刘建君 , 梁大鹏 . 中国数字基础设施发展水平的时空格局[J]. 资源科学, 2025 , 47(6) : 1295 -1311 . DOI: 10.18402/resci.2025.06.10

Abstract

[Objective] Digital infrastructure serves as a sustained driving force for the formation of new-quality productive forces. This study aims to reveal the spatiotemporal evolution, regional disparities, and spatial convergence characteristics of digital infrastructure development in China. This is of great significance for promoting balanced regional development and empowering high-quality growth, and thereby driving the development of new productive forces. [Methods] Using China’s provincial panel data from 2013 to 2022, an indicator evaluation system for digital infrastructure construction and application was established. Methods such as the entropy method, Theil index, convergence models, two-way fixed effects models, and spatial econometrics were employed to conduct an in-depth analysis of the spatiotemporal evolution, regional disparities, and spatial convergence of digital infrastructure. [Results] (1) The level of digital infrastructure development in China exhibited an overall upward trend, but there are spatial differences. It shows a spatial distribution pattern where the eastern region has a higher level, while the western and northeastern regions are relatively lower. (2) The overall differences in the development level of digital infrastructure are gradually narrowing. The differences are shifting from being mainly between regions to being more pronounced within regions. The regional differences within regions show a hierarchical structure of “eastern > western > central > northeastern”. (3) In terms of convergence characteristics, a gradually weakening trend was observed in the convergence of China’s digital infrastructure development level.

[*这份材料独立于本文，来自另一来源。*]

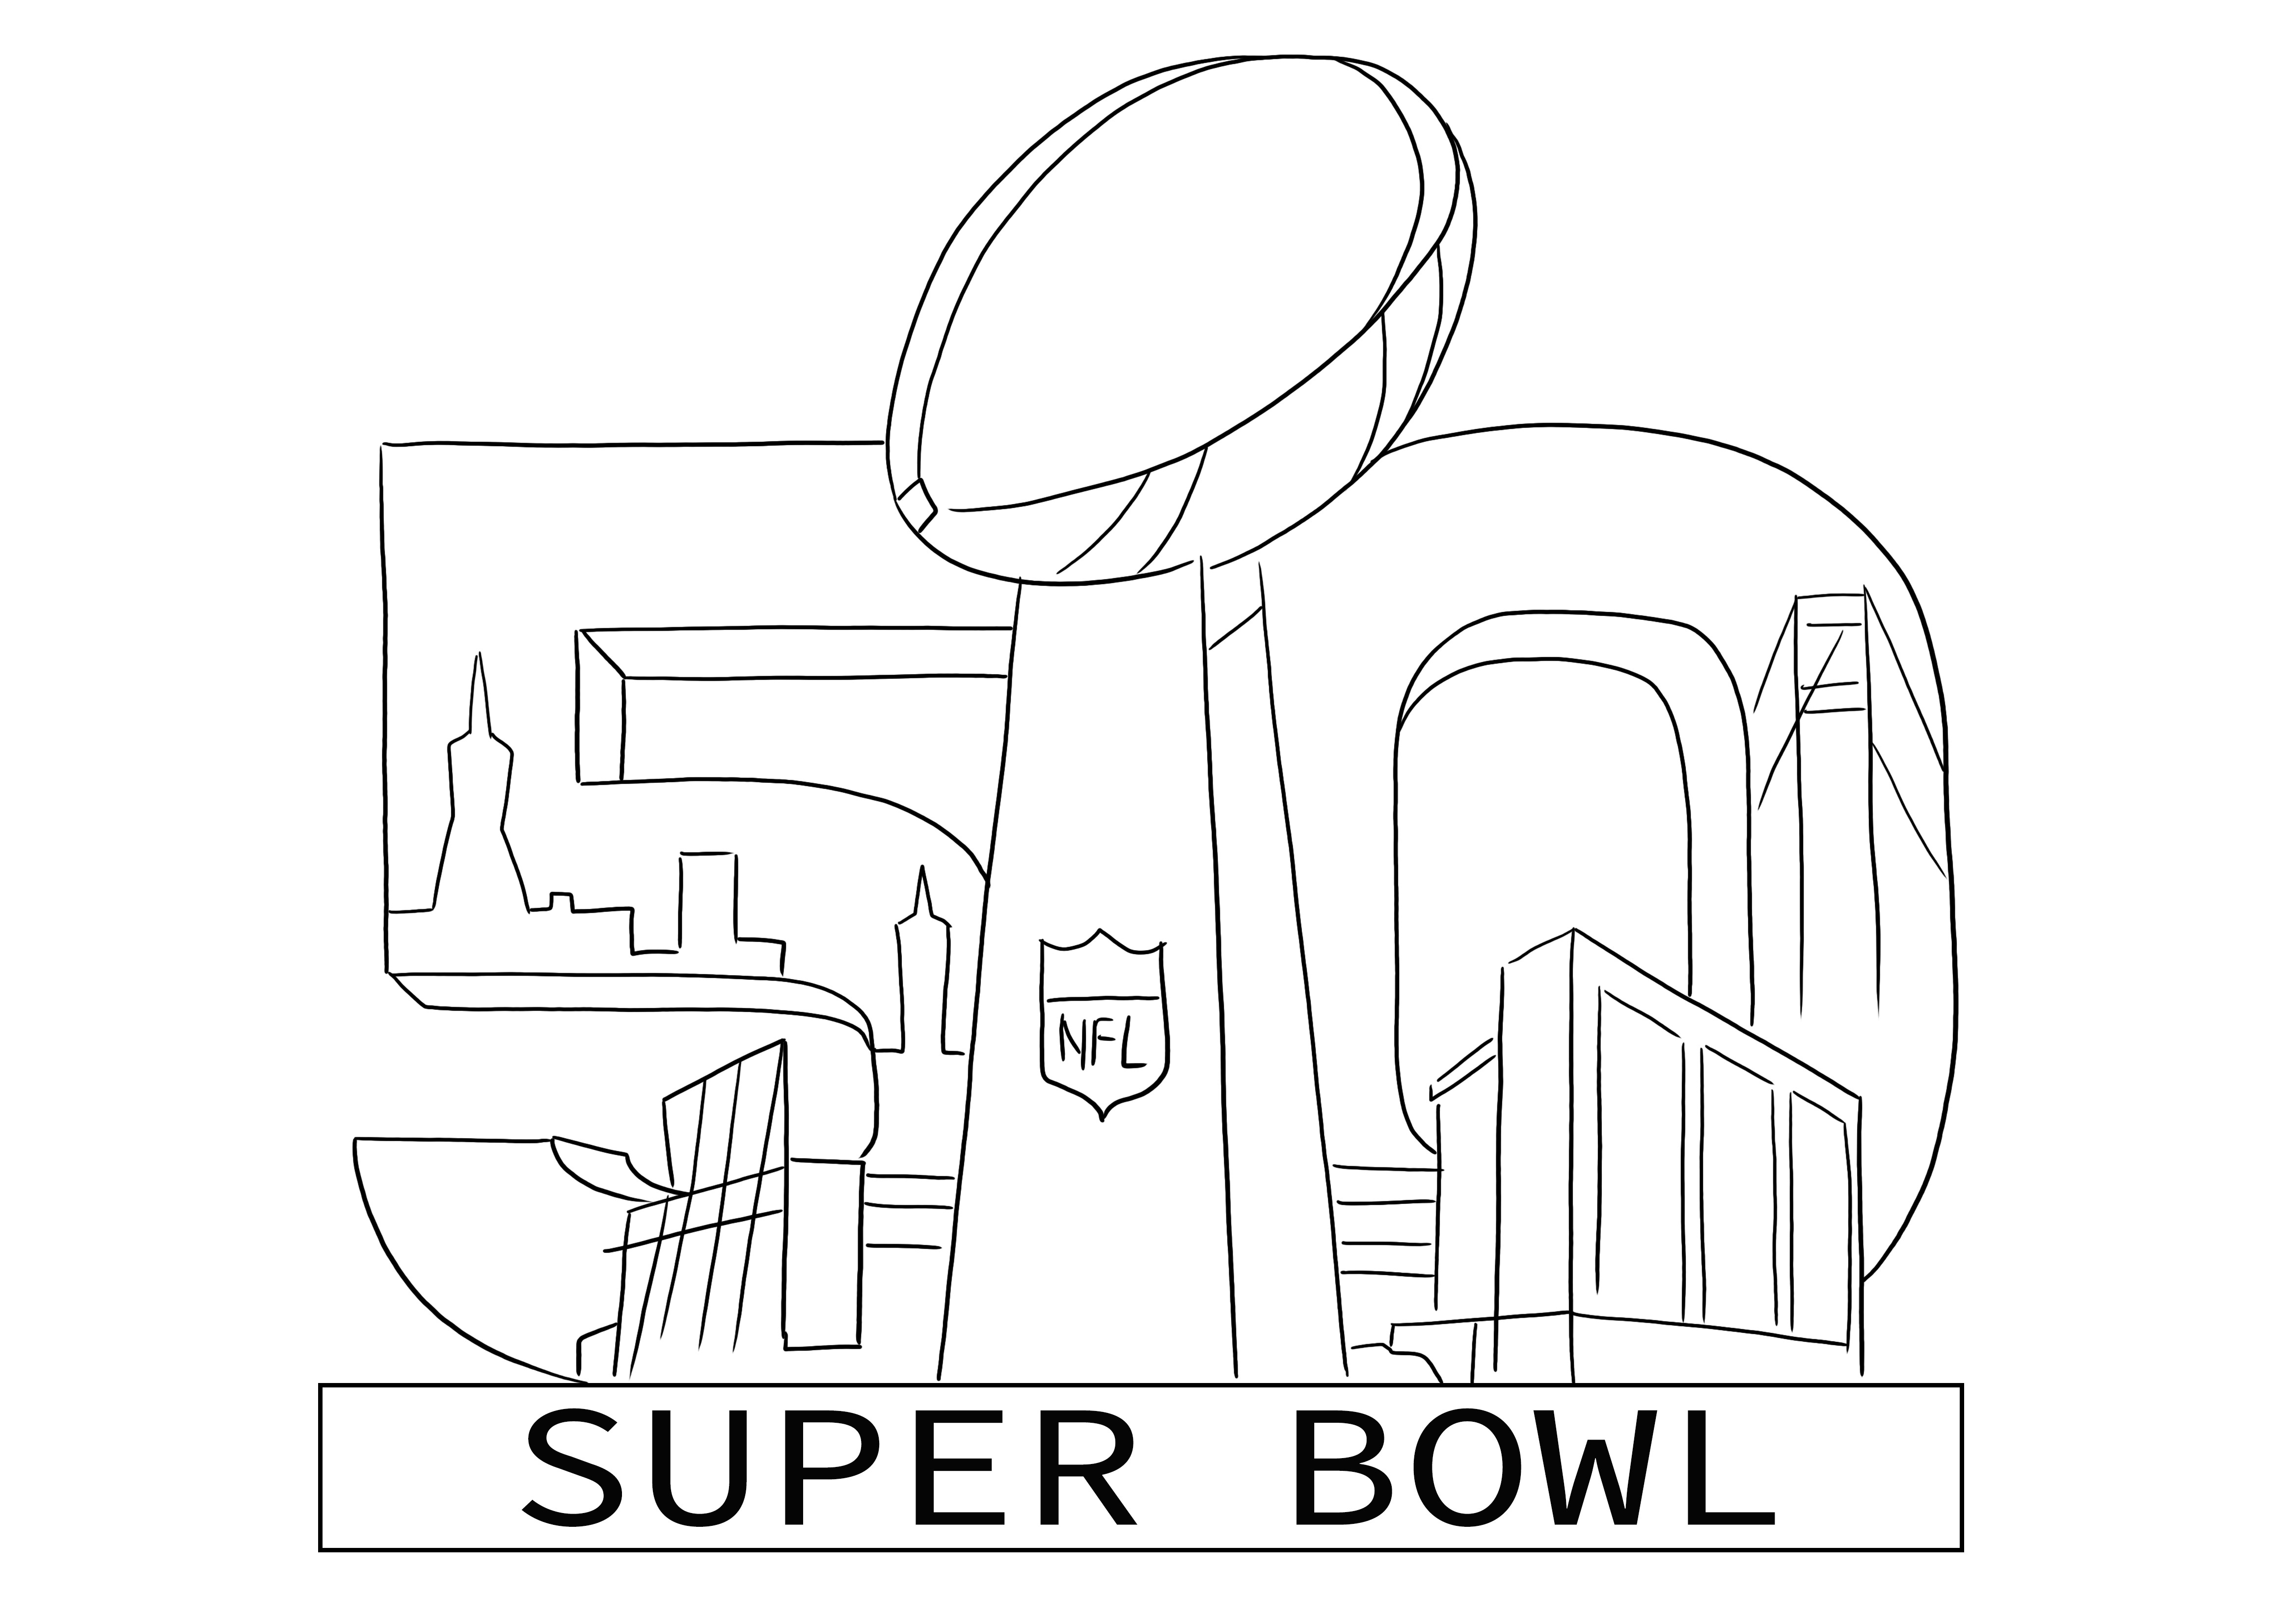 Super Bowl 2016 kleurlogo gratis te printen of te downloaden voor kinderen kleurplaat

Both national and regional levels of digital infrastructure development demonstrated spatial conditional convergence, with convergence speeds ranked as follows: the central region was th e fastest, followed by the western and eastern regions, while the northeastern region was the slowest. [Conclusion] Bridging the gaps in digital infrastructure development, reducing regional disparities, and strengthening cross-regional collaboration are key to balanced regional development. This study provides theoretical support and practical guidance for promoting the convergent development of regional digital infrastructure and formulating tailored policies based on regional conditions.

1 引言

近年来,中国经济发展的目标由经济高速增长转变为高质量增长[1,2],相应地,经济增长的主要驱动力也发生了变化。传统经济增长依靠的生产要素包含劳动、资本、自然资源等,其要素流动依靠公路、铁路、石油管道等传统交通基础设施。而在数字化飞速发展的今天,数据已成为关键的生产要素,工业互联网、5G、卫星互联网等构成了支撑数据安全流通、高效连接和价值释放的核心数字基础设施。与传统基础设施相比,数字基础设施具有明显的数字化特征和创新导向,它是决定长期经济增长的重要因素[3]。在新质生产力的框架下,数字基础设施作为新型基础设施(新基建)的重要体现[4],其时空演变现状、区域差异及空间收敛性亟需被精准把握。这不仅对于推进中国数字经济发展及实现整个经济社会传统行业的数字化转型具有关键意义,也为产业培育和形成新质生产力提供了持续动能。
国内外研究学者围绕信息、网络、互联网等数字基础设施和新型基础设施建设进行了研究。首先,学者们围绕数字基础设施的量化展开了相关研究。主要采用两种方式:①以“宽带中国”试点城市政策作为衡量数字基础设施的代理变量[5,6]。②通过投入类指标进行测量,包括:信息传输、计算机服务和软件业的投资量[7]、互联网普及率[8]、移动信息基站数[9]、互联网或移动电话用户数[10,11]。其次,学者们针对数字基础设施产生的各类效应进行了评估,包括:这些效应包括经济效应[12,13]、减排效应[14,15]、就业效应[16,17]、产业结构效应[18]、技术创新效应[19,20]。最后,学者们对数字基础设施与新基建的关系进行了探讨,将数字基础设施视为广义新基建的一部分,并在此框架下研究广义新基建的发展现状及驱动因素。数字基础设施属于狭义新基建,而广义新基建包括数字基础设施、融合基础设施及创新基础设施[21]。学者从描述统计层面对广义新基建的发展现状及存在的问题进行了简要概述[22]。此外,部分学者还对广义新基建的时空演变特征和驱动因素进行了探索[23],并进一步对广义新基建与经济韧性耦合的时空演化、区域差异和驱动因素进行了分析[24,25]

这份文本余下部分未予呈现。